Estamos tão mergulhados em nossas rotinas que pouco reparamos no quanto nosso cotidiano e nossa cidade estão imersos de poesia. Para superar essa dificuldade e, ao mesmo tempo, celebrar a descoberta e a reafirmação da poesia no cotidiano, trazemos quatro filmes apaixonantes e detonadores da felicidade do instante. Um dos pontos que cabe destacar é o elo de contemplação que esses filmes propõem com a vida, desconstruindo nosso olhar frente a um cotidiano no qual a velocidade engole nossas percepções e esmorece nossa capacidade crítica e sensível do mundo. Muitas vezes, a poesia nessas obras se manifesta pela concepção de tempo. Esse vínculo entre tempo e cidade é fundamental para o entendimento de como nos organizamos em sociedade, de como materializamos a nossa vida. Paterson propõe uma abordagem mais filosófica do tema. Já O sabor da vida trabalha o valor das tradições, que tendem a ser aniquiladas pelas mudanças diárias de um mundo dinâmico. Um misto de existencialismo e tensão histórica aparece em O que está por vir como reflexão do cotidiano. Em Columbus, a cidade, em especial sua arquitetura, se expressa como poesia em si: a beleza da forma, mas também a necessidade contemplativa na qual ambas estão imersas.


Enfim, falar de cidades é pensar a nossa relação com o tempo, o espaço e a história. Entretanto todas essas imbricações desembocam no homem e na sua capacidade de construir metáforas e outros simbolismos, sem deixar de envolver tudo com uma pitada de poesia.


09.03 (sábado) às 16h

PATERSON


ORIGEM: ESTADOS UNIDOS ANO DE PRODUÇÃO: 2016 DURAÇÃO: 113 MIN CLASSIFICAÇÃO: 10 ANOS DIREÇÃO: JIM JARMUSCH ELENCO: ADAM DRIVER, GOSHIFTEH FARAHANI, HELEN-JEAN ARTHUR

SINOPSE Na cidade de Paterson, em Nova Jersey, EUA, um pacato motorista (Adam Driver) torna-se um personagem conhecido por se destacar em uma arte diferente da condução de veículos: nas horas vagas, ele gosta de escrever belas poesias em seu caderninho.
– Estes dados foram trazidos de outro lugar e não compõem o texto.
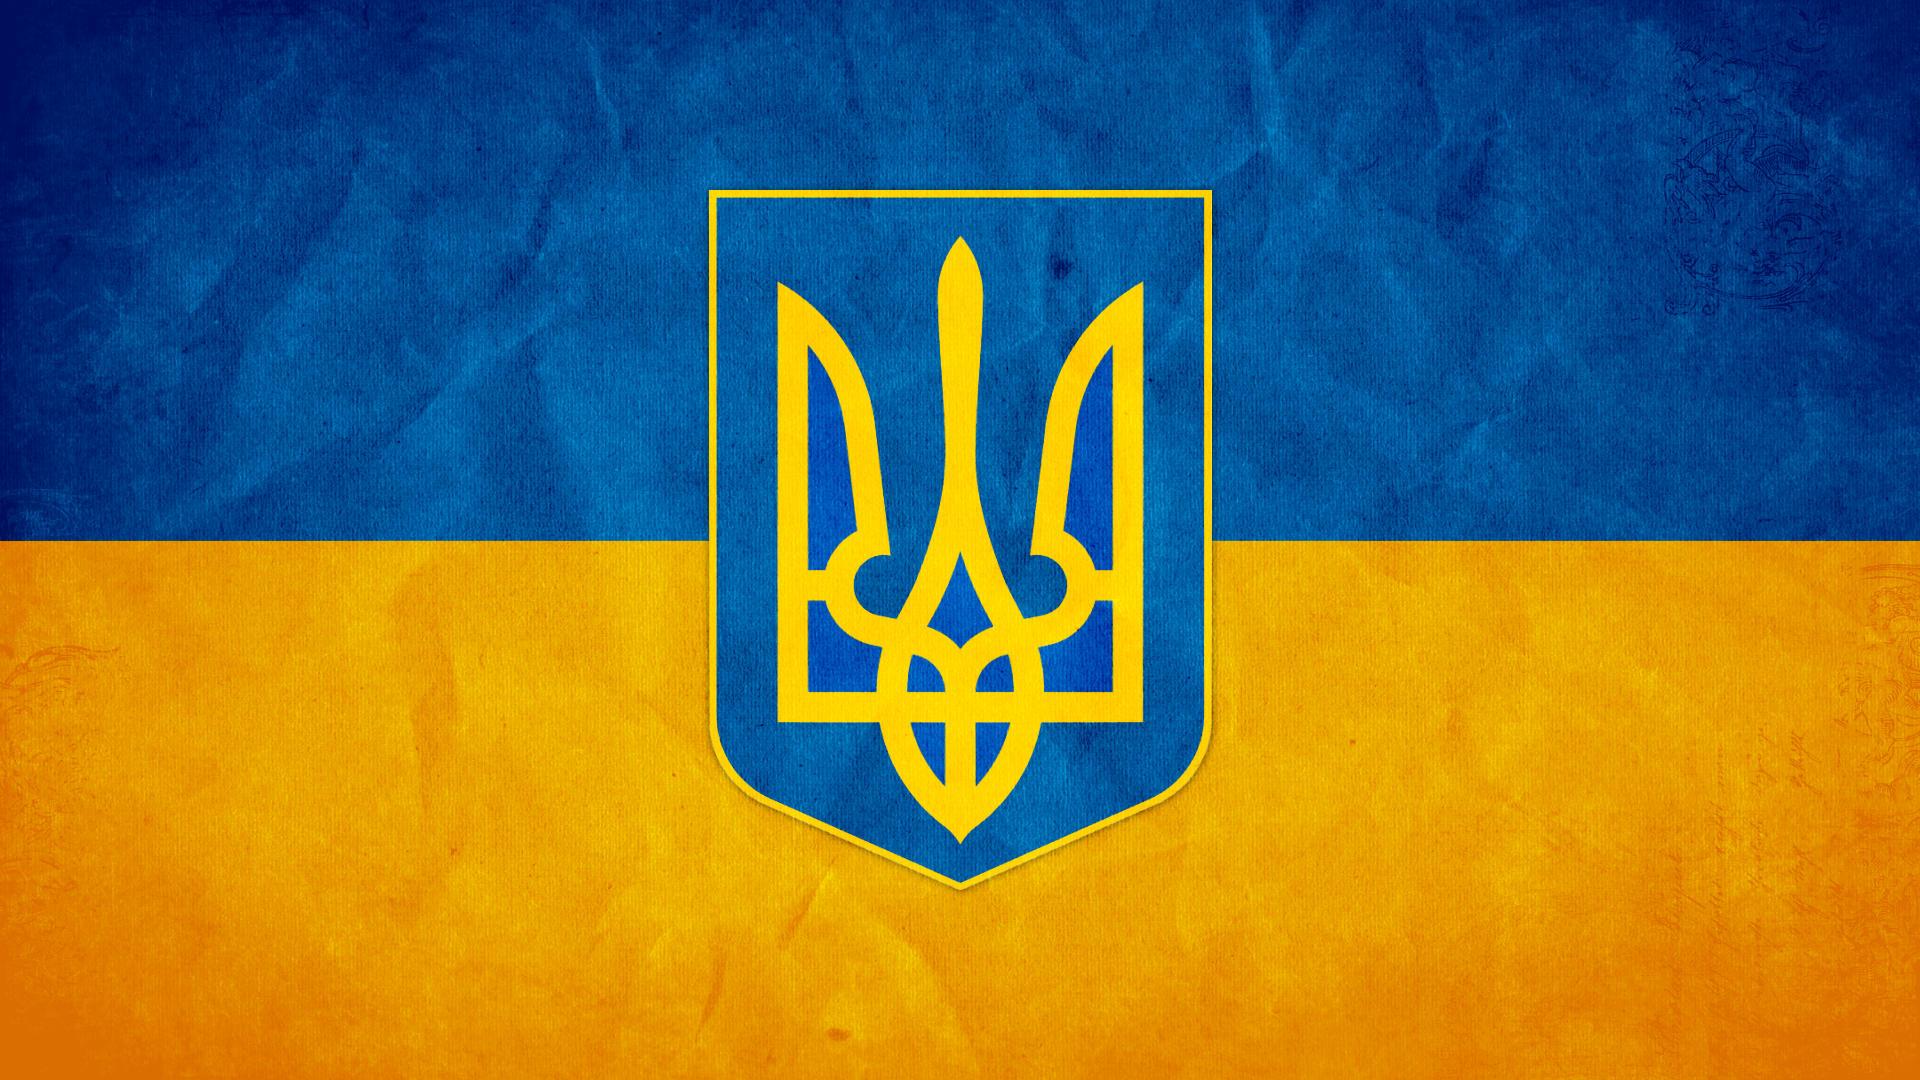 фотообои на рабочий стол символика украины царит атмосфера голода
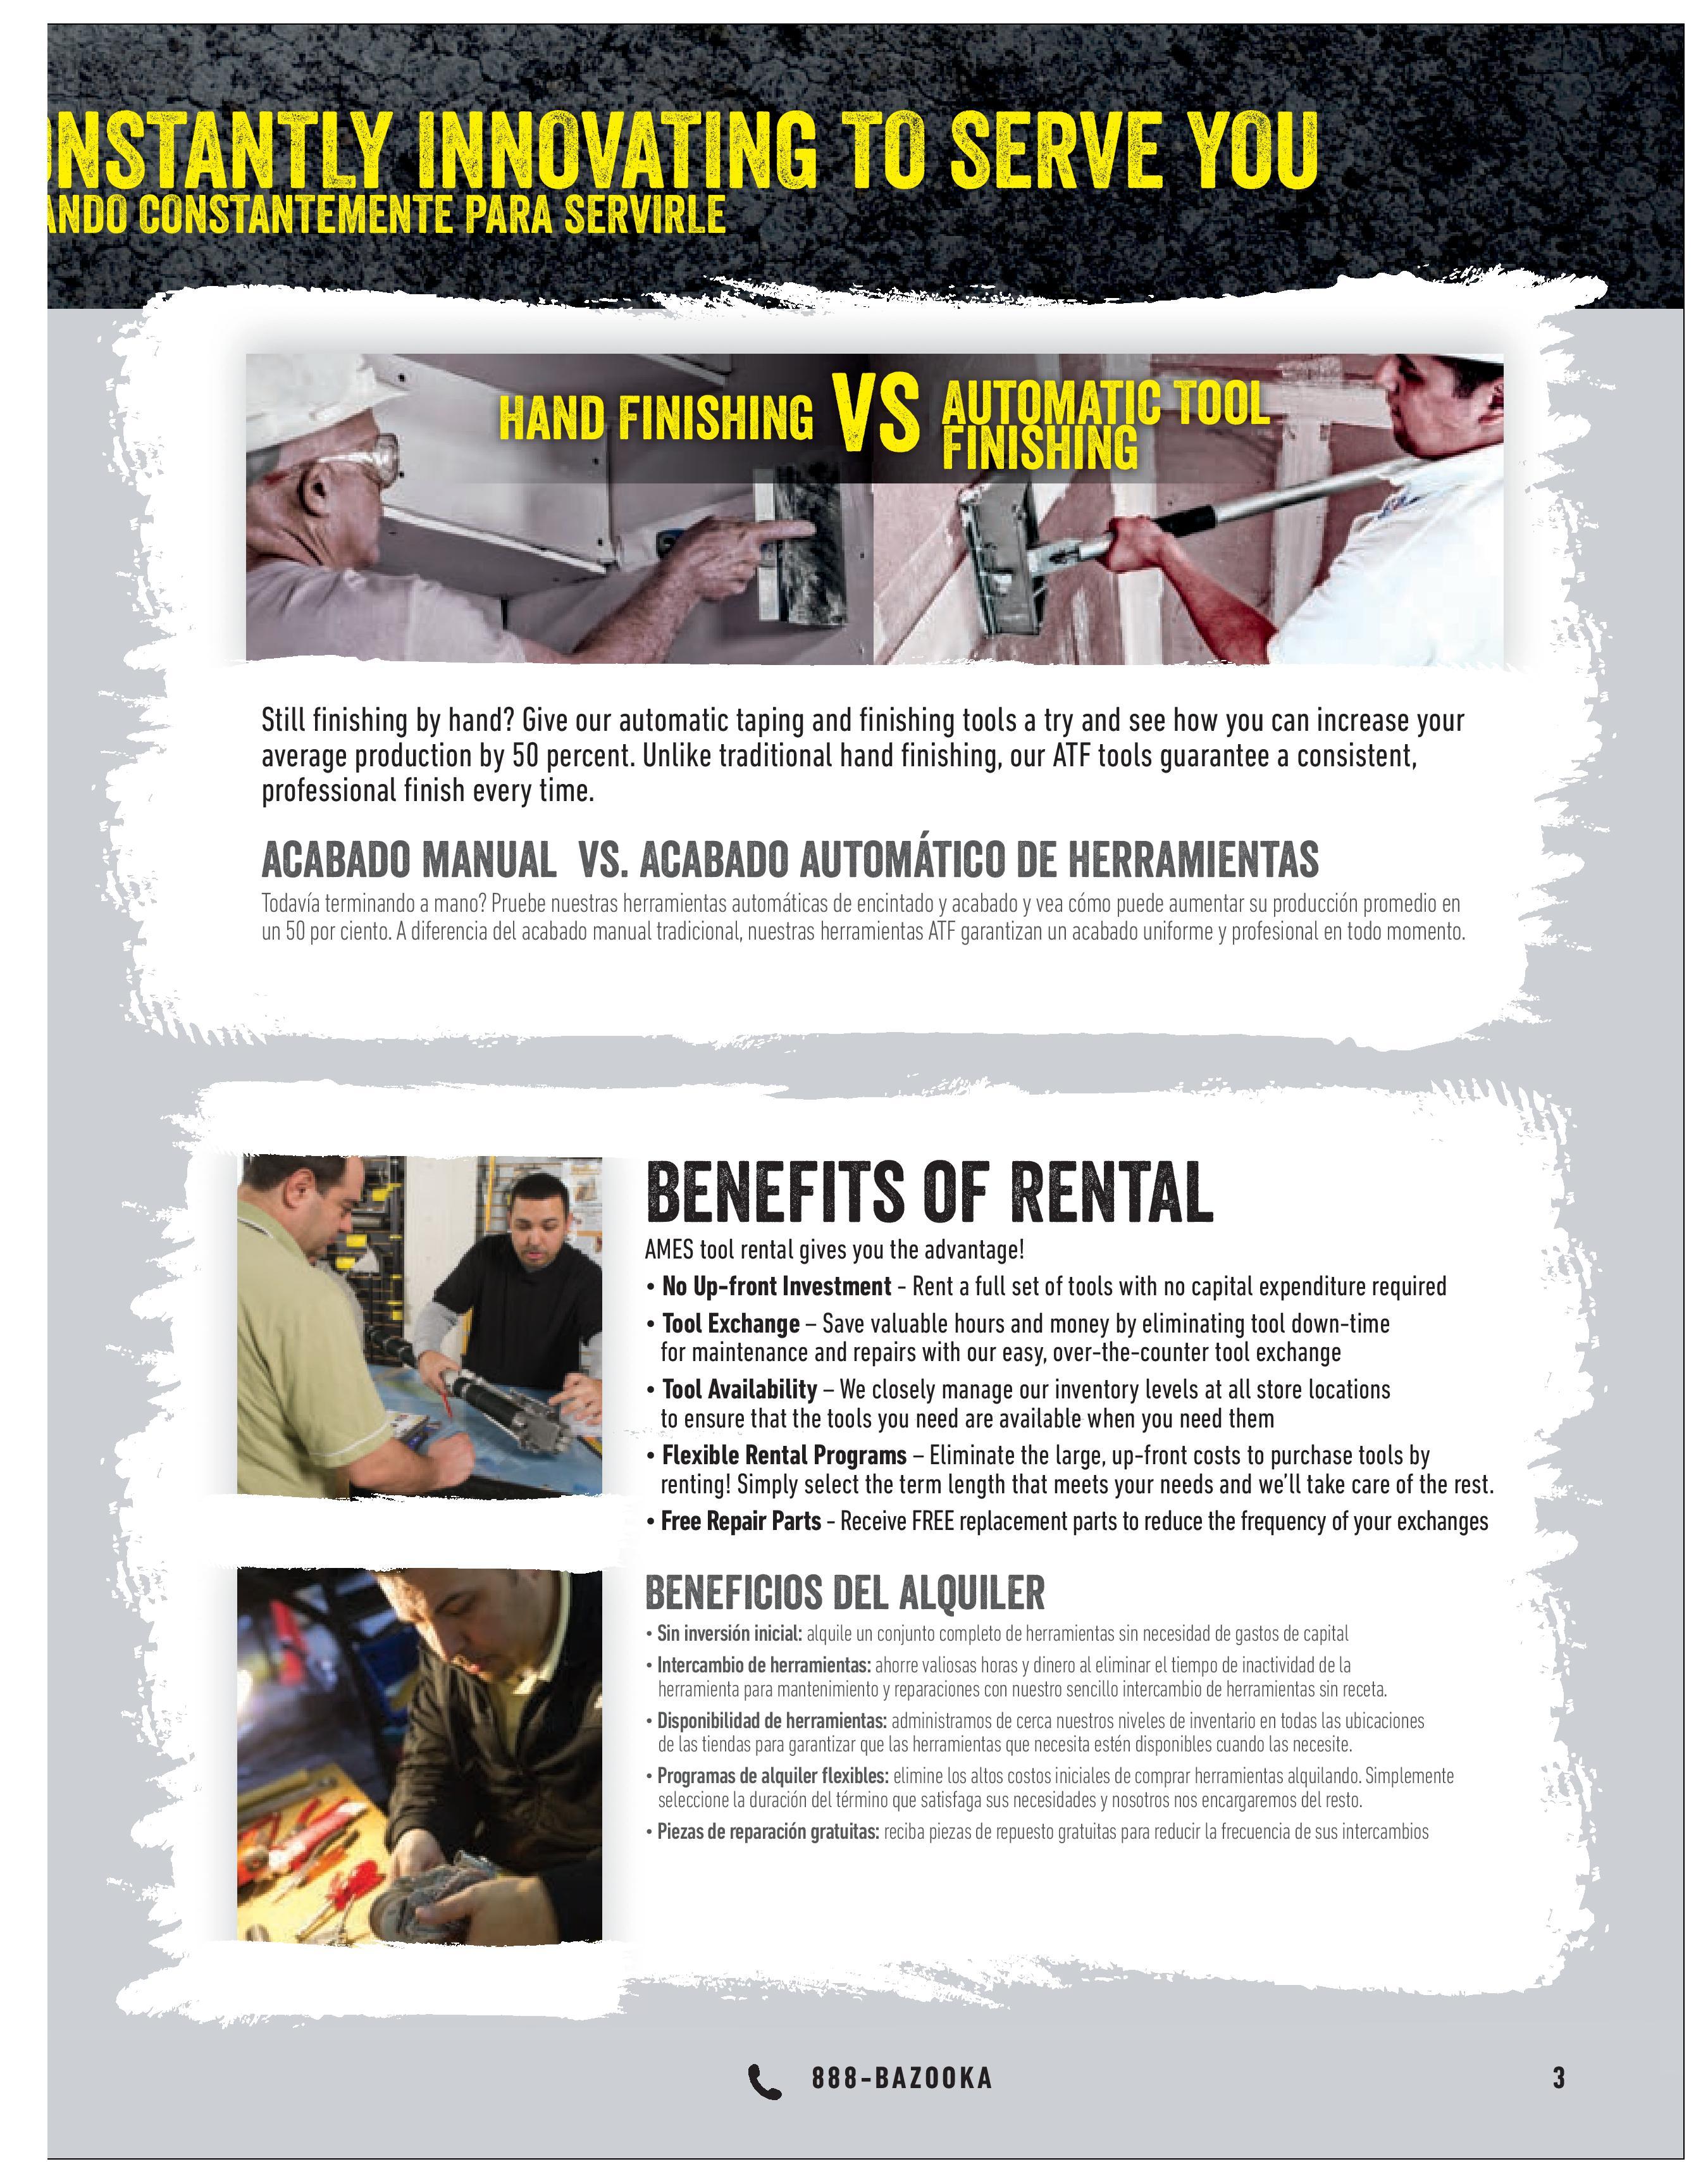 AMES Rental Tool Catalog-ames_catalog_web-page-003.jpg

BREVE REFLEXÃO Só um cineasta imprevisível como Jim Jarmusch poderia nos brindar com um filme tão criativo e inusitado. Só ele poderia juntar poesia, um motorista de ônibus (cujo nome é o mesmo da cidade onde mora), uma artista excêntrica e um cachorro tinhoso e turrão. Um filme em que a poesia conforma todo o resto, emaranhando personagens e suas ações no tempo e usando a repetição como elemento definidor da própria personalidade do nosso Paterson. Afinal, o efeito da repetição é o que movimenta pessoas e cidades, por isso a brincadeira da dualidade entre personagem e cidade. Mas Jarmusch acrescenta a isso um ardil, o da arte e seu papel como desestabilizador da vida mecânica que fundamenta as cidades. Paterson é uma obra detalhista, que aguça o espírito de observação do espectador, e que precisa ser vista com a alma, pois sua profundidade está enraizada também em cada um de nós. A poesia impregna a estrutura narrativa, assim como está posta na própria ação do personagem Paterson. A poesia que ele escreve é, antes de tudo, uma forma de sobreviver ao cotidiano repetitivo. Mas ainda há a poesia de William Carlos Williams, que retrabalha o tempo cotidiano, reforçando o coloquialismo presente no filme. Sua poesia aparece em momentos cruciais, quando a cidade é ressignificada a partir dela e também da sua relação com os personagens, em especial com o protagonista Paterson.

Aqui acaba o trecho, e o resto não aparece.